Of course, that’s precisely what makes them so powerful and useful for radically different tasks than we used deterministic computer code for. The lack of determinism and somewhat unpredictable nature of the outputs means we can use LLMs to perform an enormous variety of messy tasks that were previously very difficult to automate. One good example is web scraping: to extract specific information from a website, you previously needed a large amount of highly specific and brittle parsing code for the exact page you wanted to scrape, which you had to manually update if the page changed its layout. Now you can just tell an LLM to get X info from Y page, and it’ll figure out the finicky details. And you can ask it again in a year’s time, after the subject website has been completely redesigned, and it’ll figure out the new finicky details.

In my day job, I often used to say that the main value of penetration testing over automated scans was that only humans could find business logic flaws, because automated tools don’t understand context. A static analyser can tell you to replace your SQL statement string interpolation with parameterised queries, and HTML encode untrusted content included in pages, but it can’t figure out that users shouldn’t be able to change each other’s profiles, or transfer money out of each other’s bank accounts – at least not without a bunch of very specific setup.
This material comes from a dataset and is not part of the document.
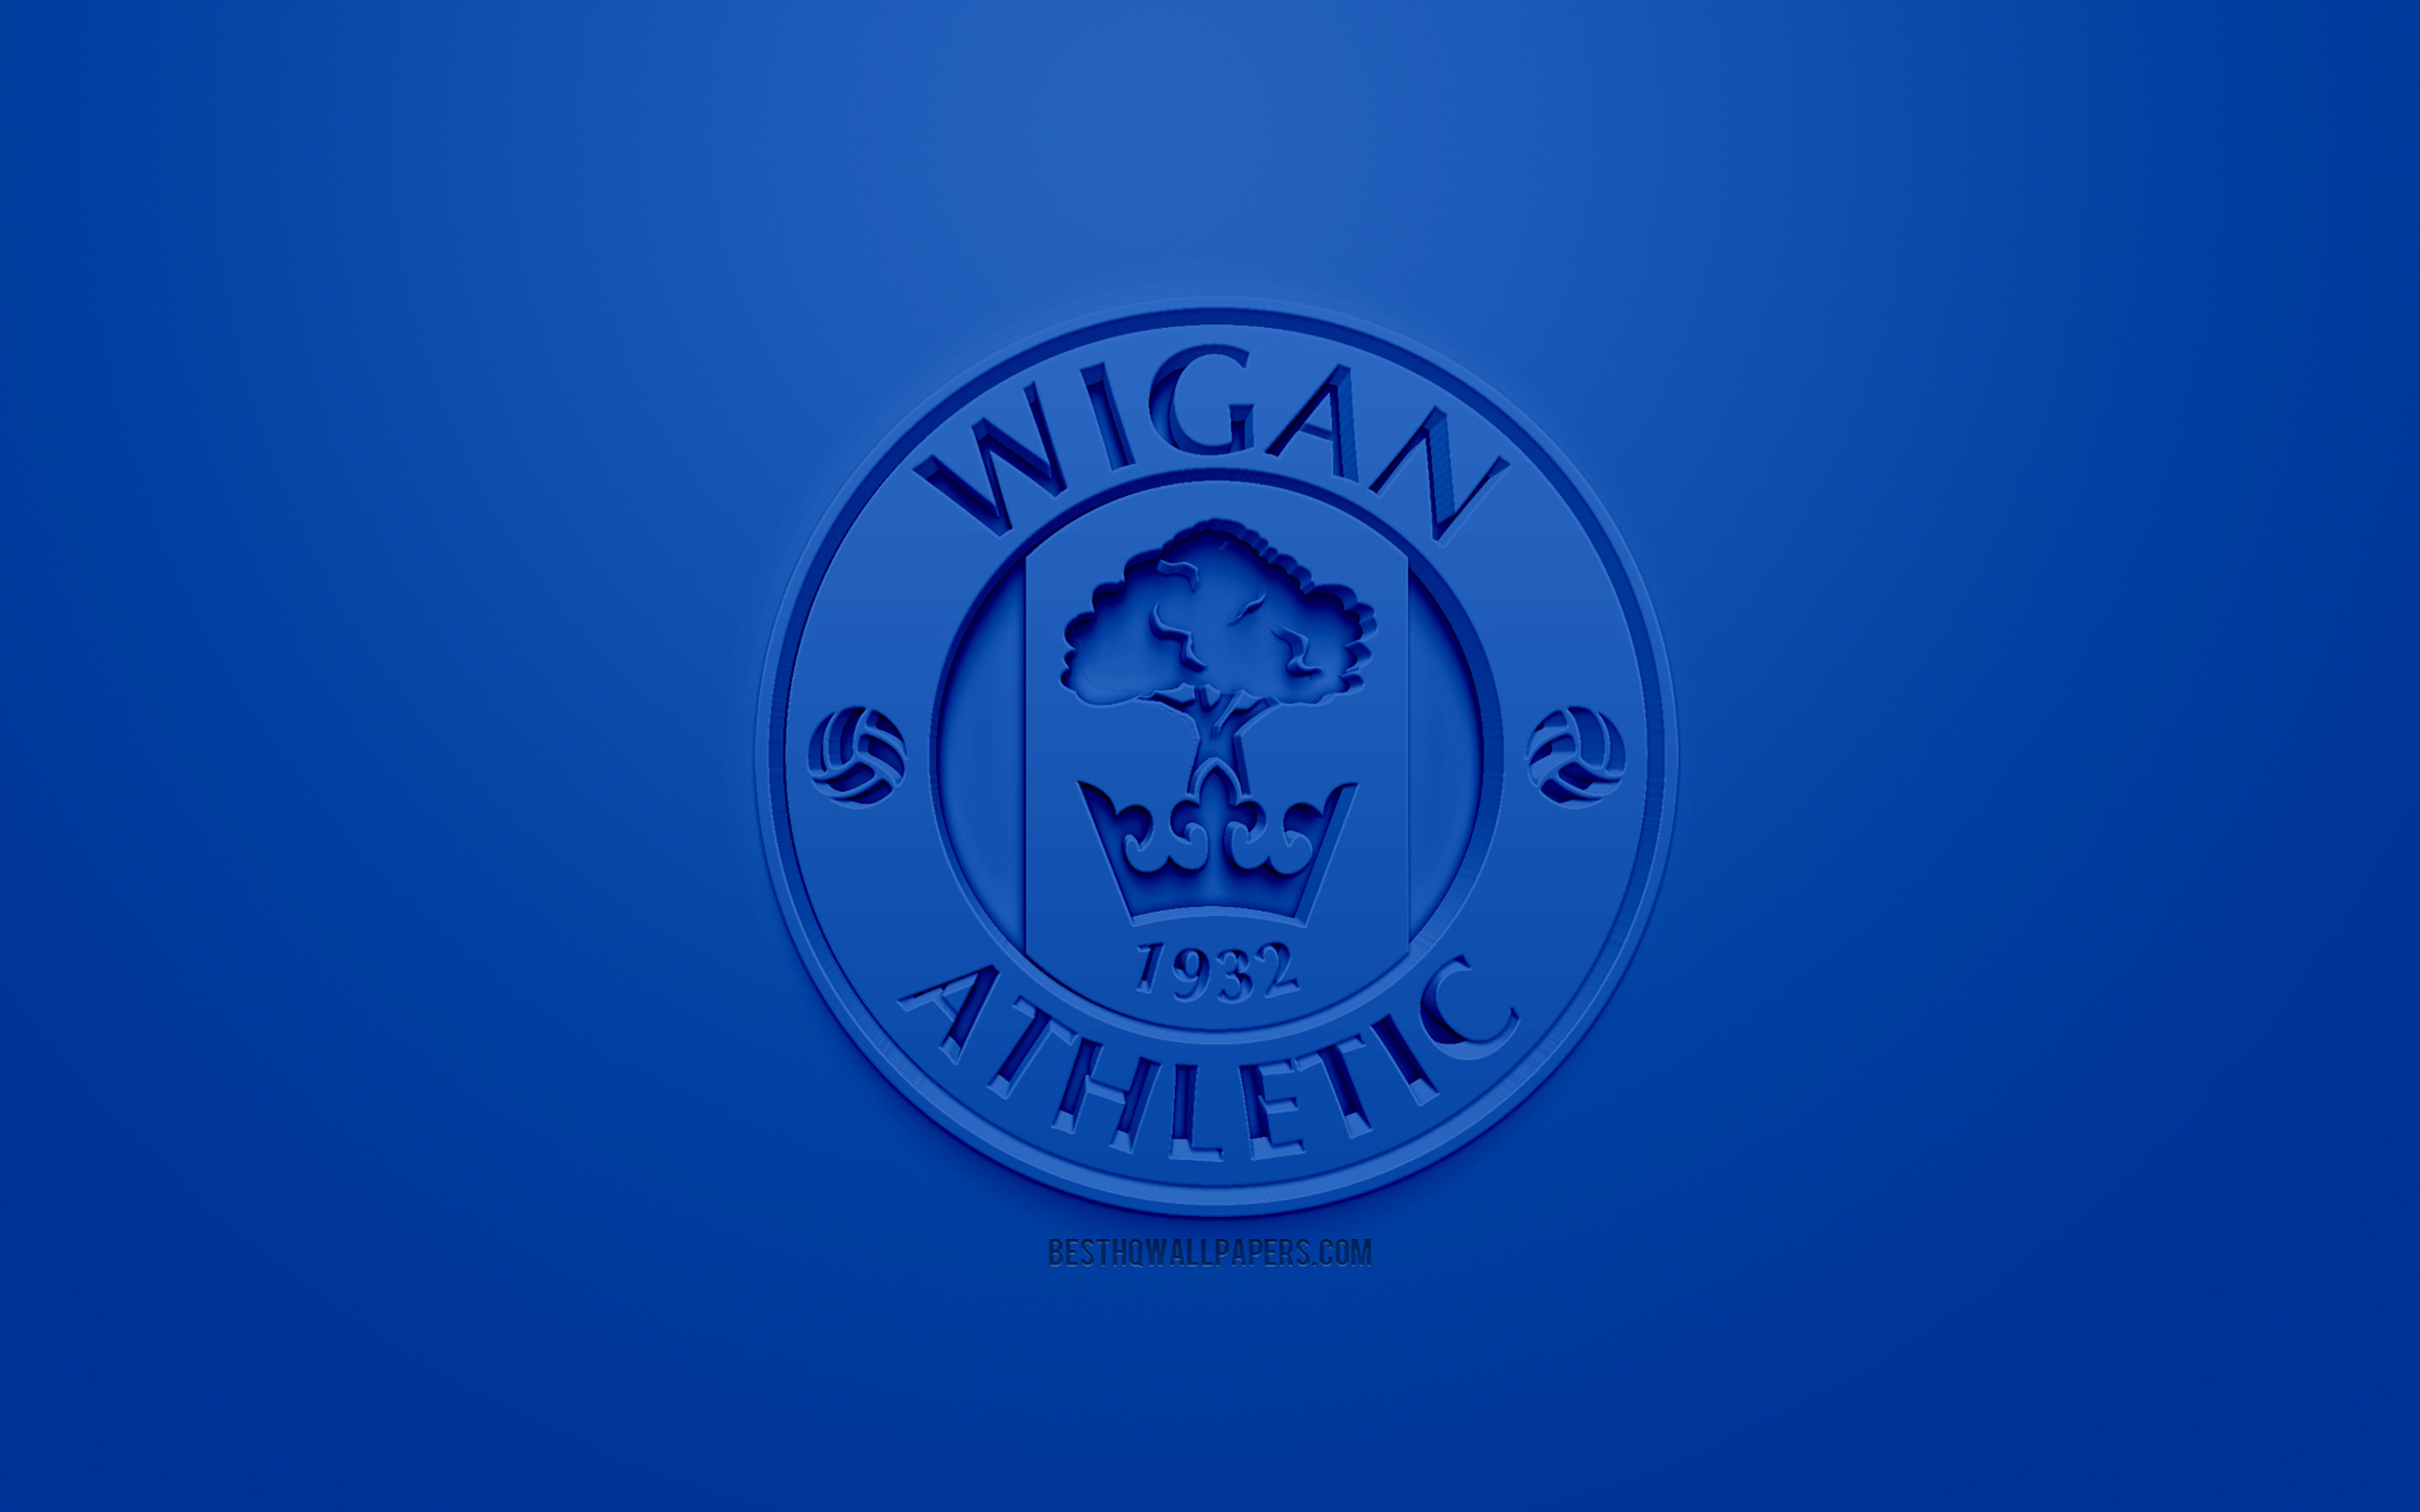 Download wallpaper Wigan Athletic FC, creative 3D logo, blue background, 3D emblem, English football club, EFL Championship, Wigan, England, United Kingdom, English Football League Championship, 3D art, football, 3D logo for desktop

LLMs, on the other hand, can do these things, for the same reason they can analyse data and do basic literary analysis: we have managed to create intelligence (or something like it) through very high-level pattern matching.
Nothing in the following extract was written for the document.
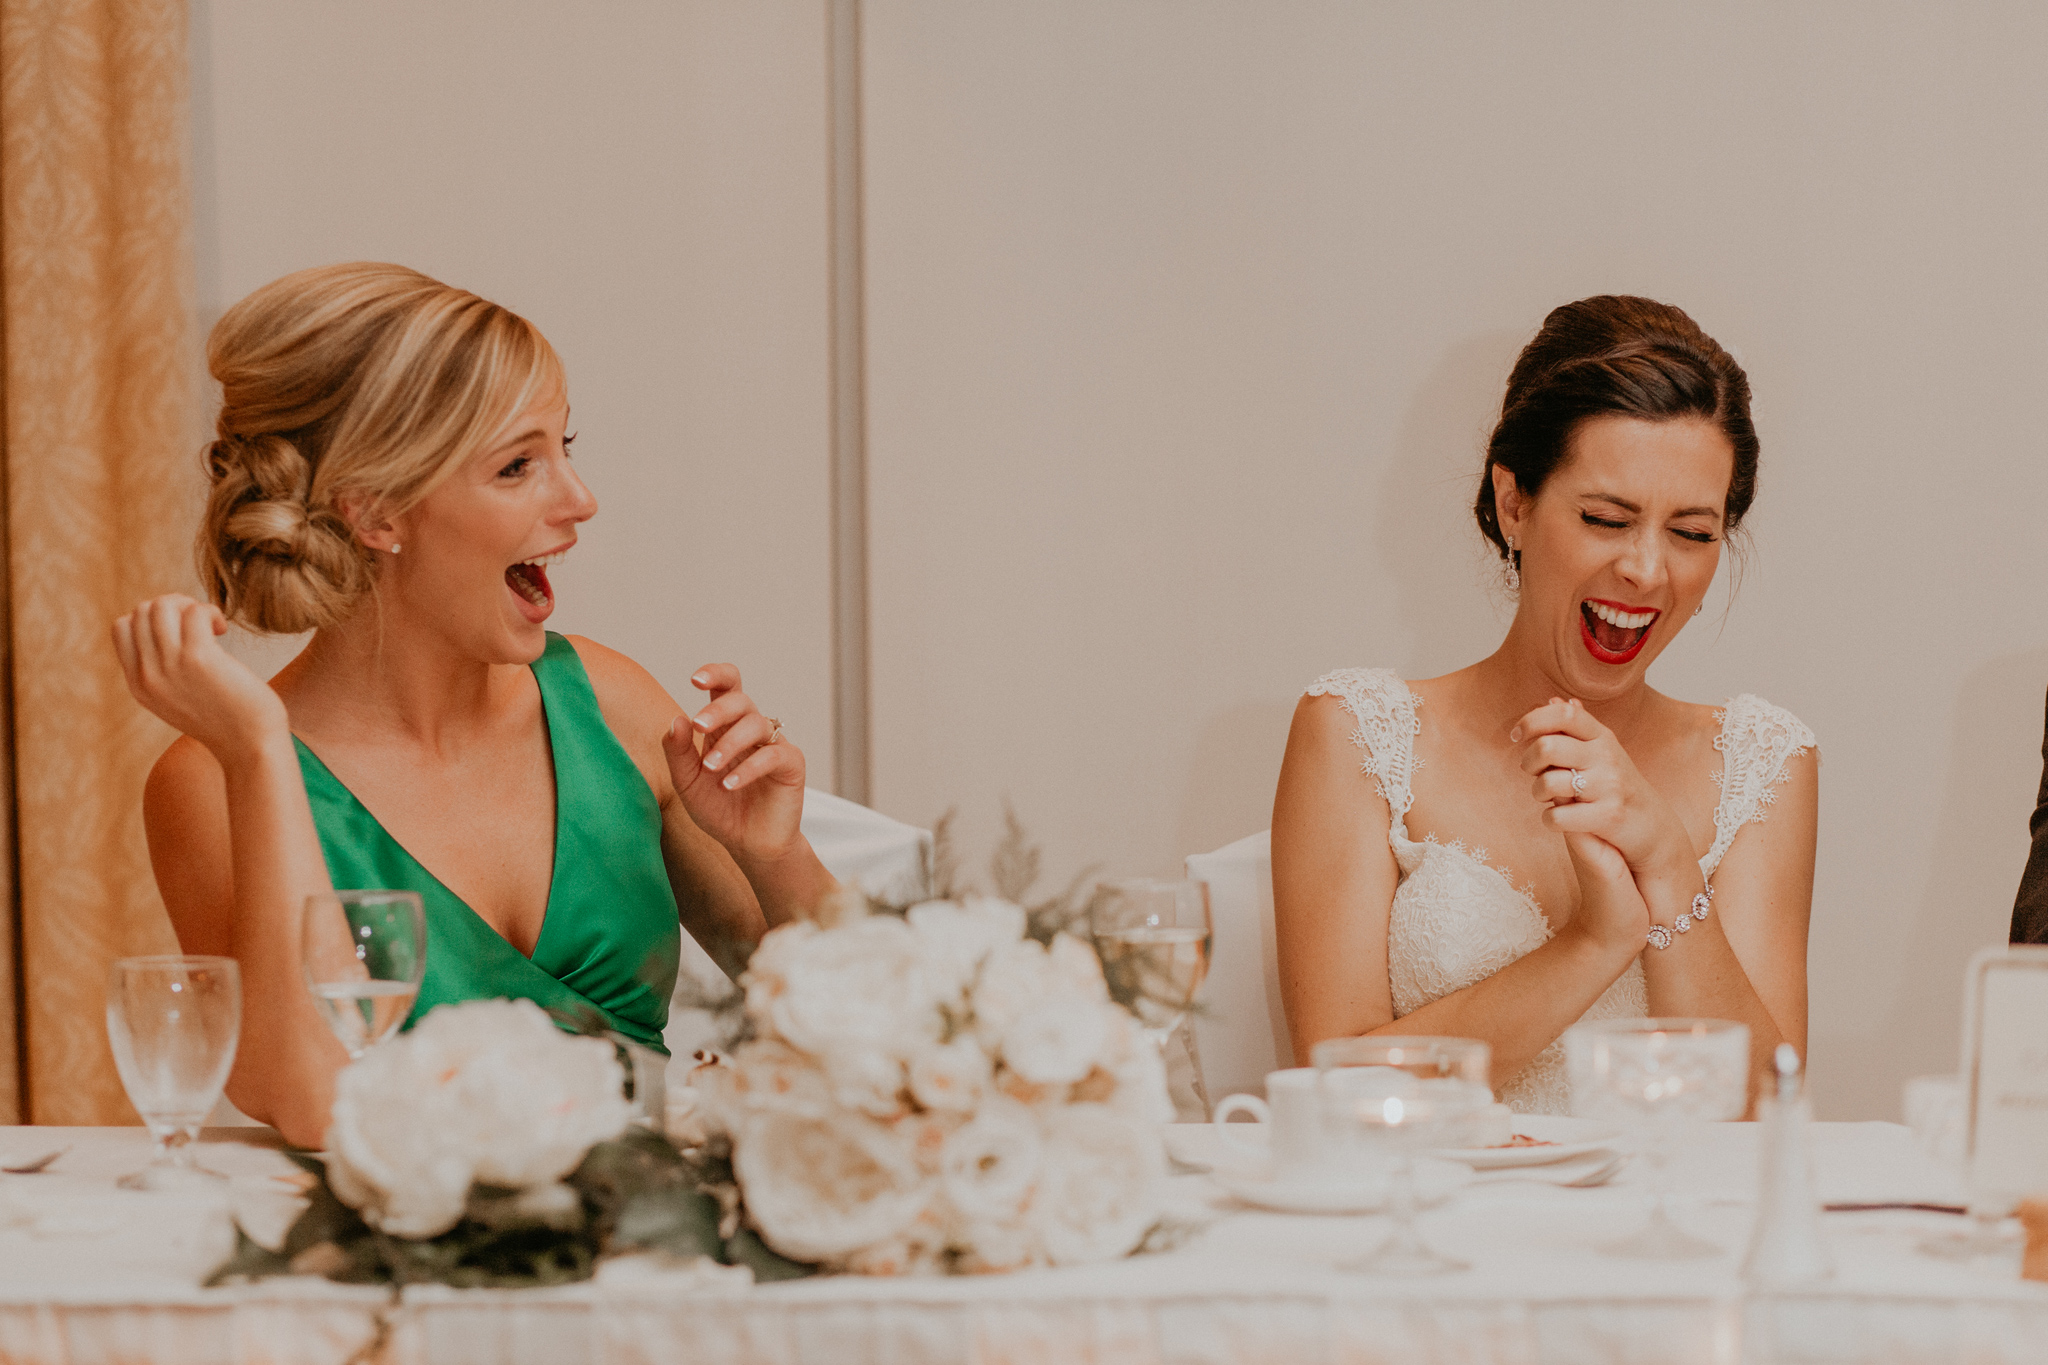 Bride and bridesmaid laugh during wedding reception speeches

But creating intelligence does not mean that we’ve created conscious beings, or even that we’ve made robots capable of replacing humans in every job. It just means that we have new tools – very powerful ones with previously unimagined capabilities, but tools nonetheless. And that’s how I want to think of them. I have a tool called ls that lets me list directories, and I have a tool called claude that lets me translate English descriptions into computer code.

Anyone with even a passing familiarity with how LLMs work will know that their basic functionality is predicting how to continue a piece of text they’re given. Plenty of comparisons have been made to IntelliSense in programming IDEs, Markov chains, and your phone’s autocomplete, and they’re not wrong. The chat interface that remains the primary means of interacting with these models is a clever trick: every time you send a new reply, the entire chat transcript is fed back into the model, including the initial system prompt, the output of previous tool calls, and “memories”.¹ The “reply” is then produced by continuing the transcript.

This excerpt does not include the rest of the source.